# Task statement
From the line that contains "Splunk and AWS: Monitoring" to the final line of the entries below, write out every line exactly as it appears, and nothing else.
Records shown below:
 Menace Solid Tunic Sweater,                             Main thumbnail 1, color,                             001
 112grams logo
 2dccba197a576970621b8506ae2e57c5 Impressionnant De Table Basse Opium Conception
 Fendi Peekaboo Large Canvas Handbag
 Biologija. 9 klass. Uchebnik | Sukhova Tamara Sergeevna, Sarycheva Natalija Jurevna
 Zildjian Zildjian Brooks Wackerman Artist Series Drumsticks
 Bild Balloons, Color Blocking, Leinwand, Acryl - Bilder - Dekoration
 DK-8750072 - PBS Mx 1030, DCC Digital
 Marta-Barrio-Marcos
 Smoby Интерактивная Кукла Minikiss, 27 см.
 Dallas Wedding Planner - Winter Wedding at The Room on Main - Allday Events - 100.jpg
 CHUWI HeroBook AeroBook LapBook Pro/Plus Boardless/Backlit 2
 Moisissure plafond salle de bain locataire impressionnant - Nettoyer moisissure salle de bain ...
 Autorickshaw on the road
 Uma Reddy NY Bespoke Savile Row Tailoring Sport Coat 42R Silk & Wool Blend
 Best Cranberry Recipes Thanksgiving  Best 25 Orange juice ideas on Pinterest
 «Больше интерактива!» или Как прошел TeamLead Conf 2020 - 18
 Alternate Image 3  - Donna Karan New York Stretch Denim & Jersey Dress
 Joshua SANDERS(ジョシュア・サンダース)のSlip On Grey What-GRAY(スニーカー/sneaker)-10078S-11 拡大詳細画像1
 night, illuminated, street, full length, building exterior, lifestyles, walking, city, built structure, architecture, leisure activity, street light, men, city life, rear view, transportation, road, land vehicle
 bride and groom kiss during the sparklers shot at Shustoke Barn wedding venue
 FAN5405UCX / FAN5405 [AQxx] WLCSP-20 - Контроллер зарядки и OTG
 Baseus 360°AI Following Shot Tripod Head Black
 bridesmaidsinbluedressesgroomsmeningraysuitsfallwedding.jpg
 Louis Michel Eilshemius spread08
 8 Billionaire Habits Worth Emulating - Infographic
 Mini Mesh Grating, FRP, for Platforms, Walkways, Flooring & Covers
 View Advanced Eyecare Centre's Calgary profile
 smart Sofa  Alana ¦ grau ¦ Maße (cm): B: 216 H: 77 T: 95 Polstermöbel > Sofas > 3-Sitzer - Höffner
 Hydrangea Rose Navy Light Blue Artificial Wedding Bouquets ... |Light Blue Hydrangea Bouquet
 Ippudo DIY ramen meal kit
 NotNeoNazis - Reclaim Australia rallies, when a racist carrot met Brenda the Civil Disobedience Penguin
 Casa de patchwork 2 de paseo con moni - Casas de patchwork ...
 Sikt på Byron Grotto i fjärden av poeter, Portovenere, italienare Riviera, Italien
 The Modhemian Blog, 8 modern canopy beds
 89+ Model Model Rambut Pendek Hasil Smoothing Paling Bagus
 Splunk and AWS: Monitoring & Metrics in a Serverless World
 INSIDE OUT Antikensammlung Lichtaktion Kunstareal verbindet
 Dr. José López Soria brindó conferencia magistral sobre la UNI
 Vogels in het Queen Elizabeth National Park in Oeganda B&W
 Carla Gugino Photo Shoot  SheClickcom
End of Records shown.
# Exercise response
 Splunk and AWS: Monitoring & Metrics in a Serverless World
 INSIDE OUT Antikensammlung Lichtaktion Kunstareal verbindet
 Dr. José López Soria brindó conferencia magistral sobre la UNI
 Vogels in het Queen Elizabeth National Park in Oeganda B&W
 Carla Gugino Photo Shoot  SheClickcom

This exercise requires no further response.